══ SUPPLIED INFORMATION
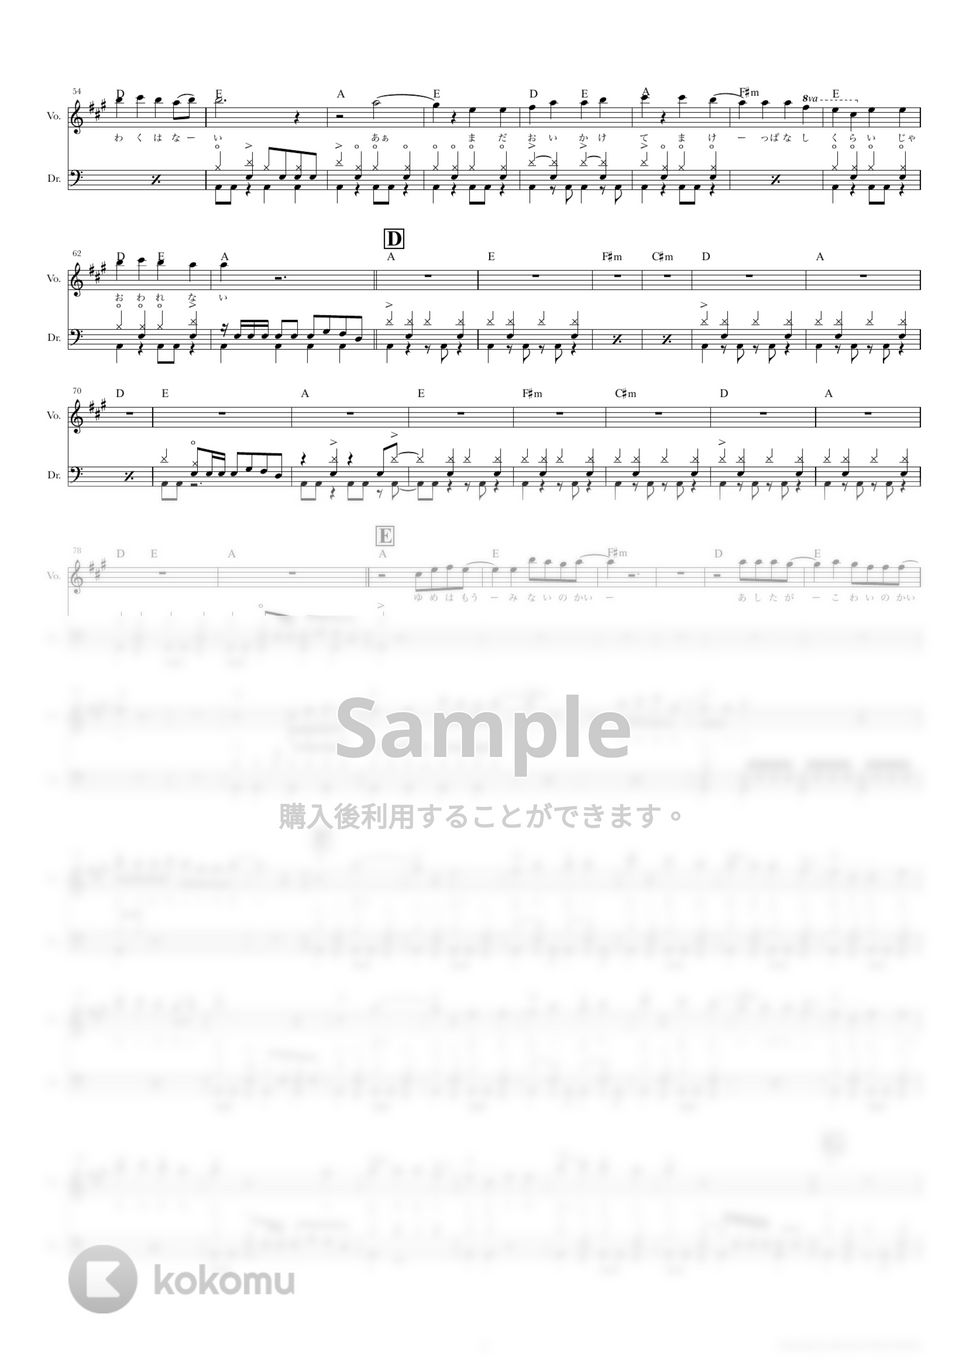 Hump Back - 拝啓、少年よ (ドラムスコア・歌詞・コード付き) by TRIAD GUITAR SCHOOL
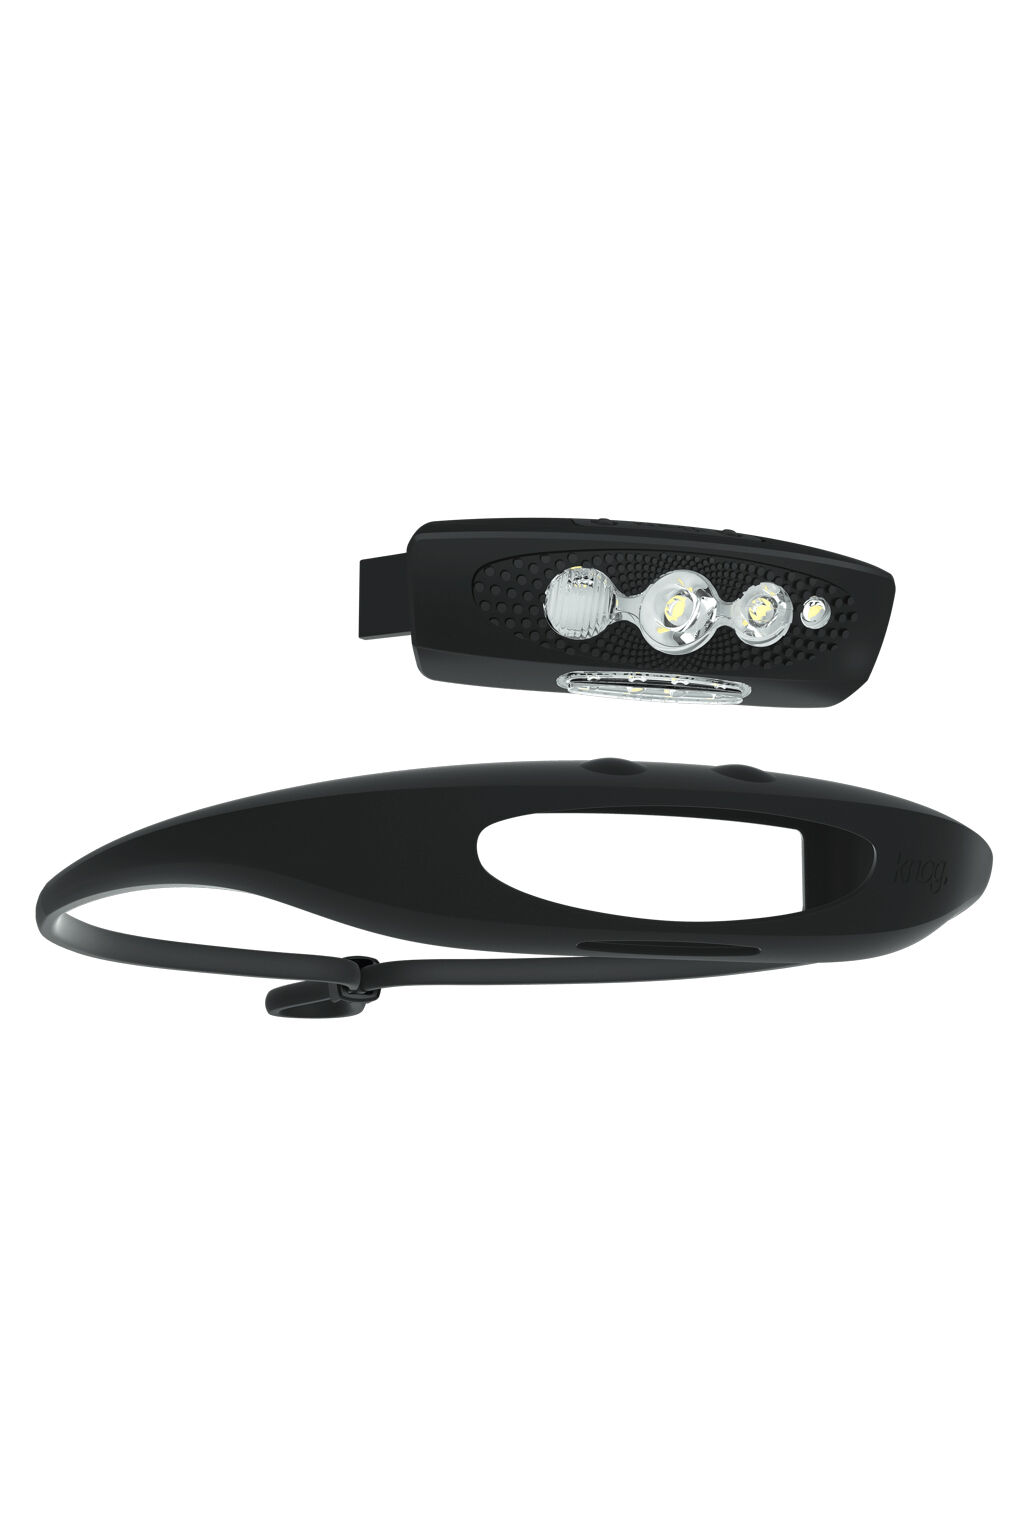 Knog Bilby Rechargeable Headlamp — 400 Lumens | Macpac
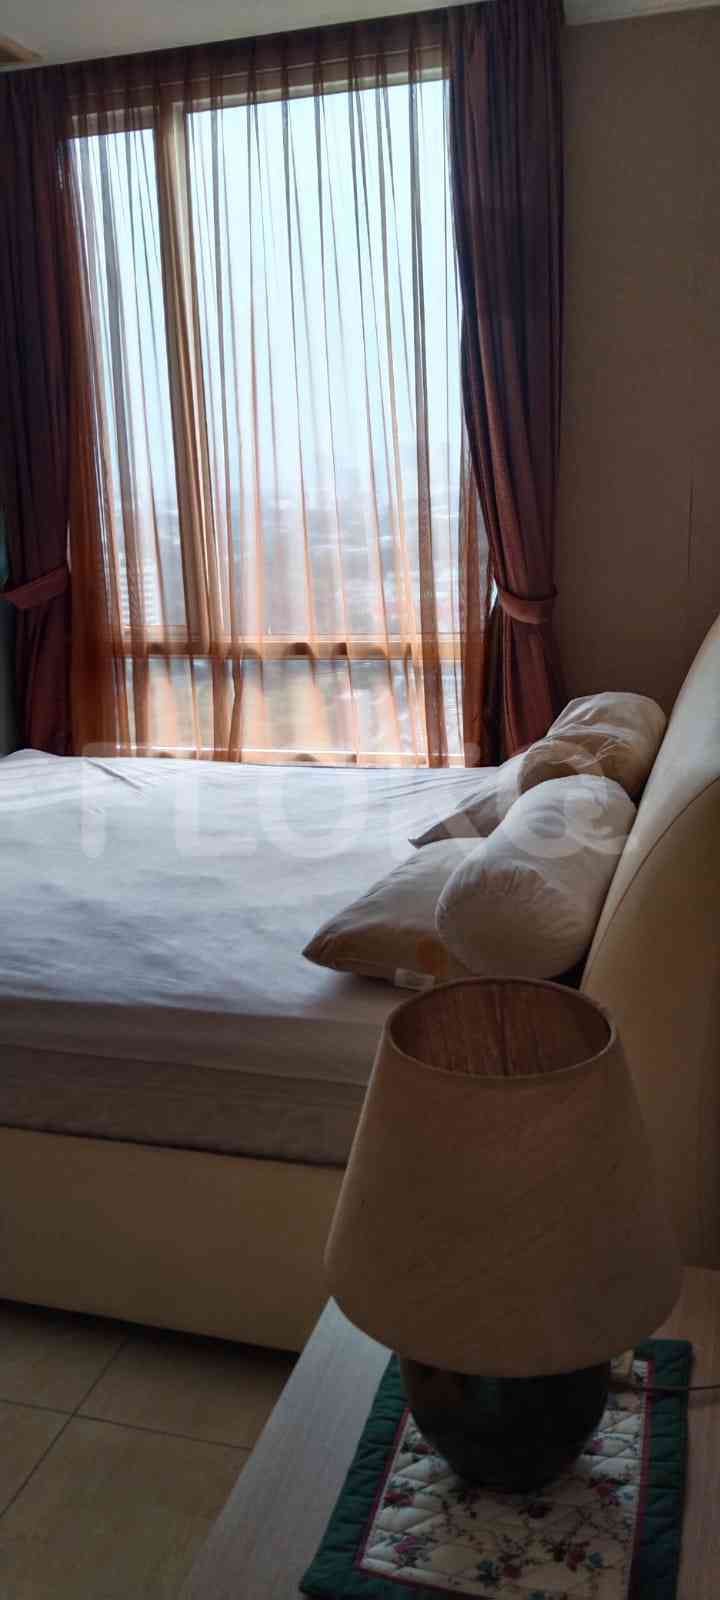 2 Bedroom on 15th Floor for Rent in FX Residence - fsu559 10
════
- _INSTRUCTIONS TO FOLLOW_: Give back the whole listing exactly, without pictures.

- _TASK ANSWER_:
 Hump Back - 拝啓、少年よ (ドラムスコア・歌詞・コード付き) by TRIAD GUITAR SCHOOL
 Knog Bilby Rechargeable Headlamp — 400 Lumens | Macpac
 2 Bedroom on 15th Floor for Rent in FX Residence - fsu559 10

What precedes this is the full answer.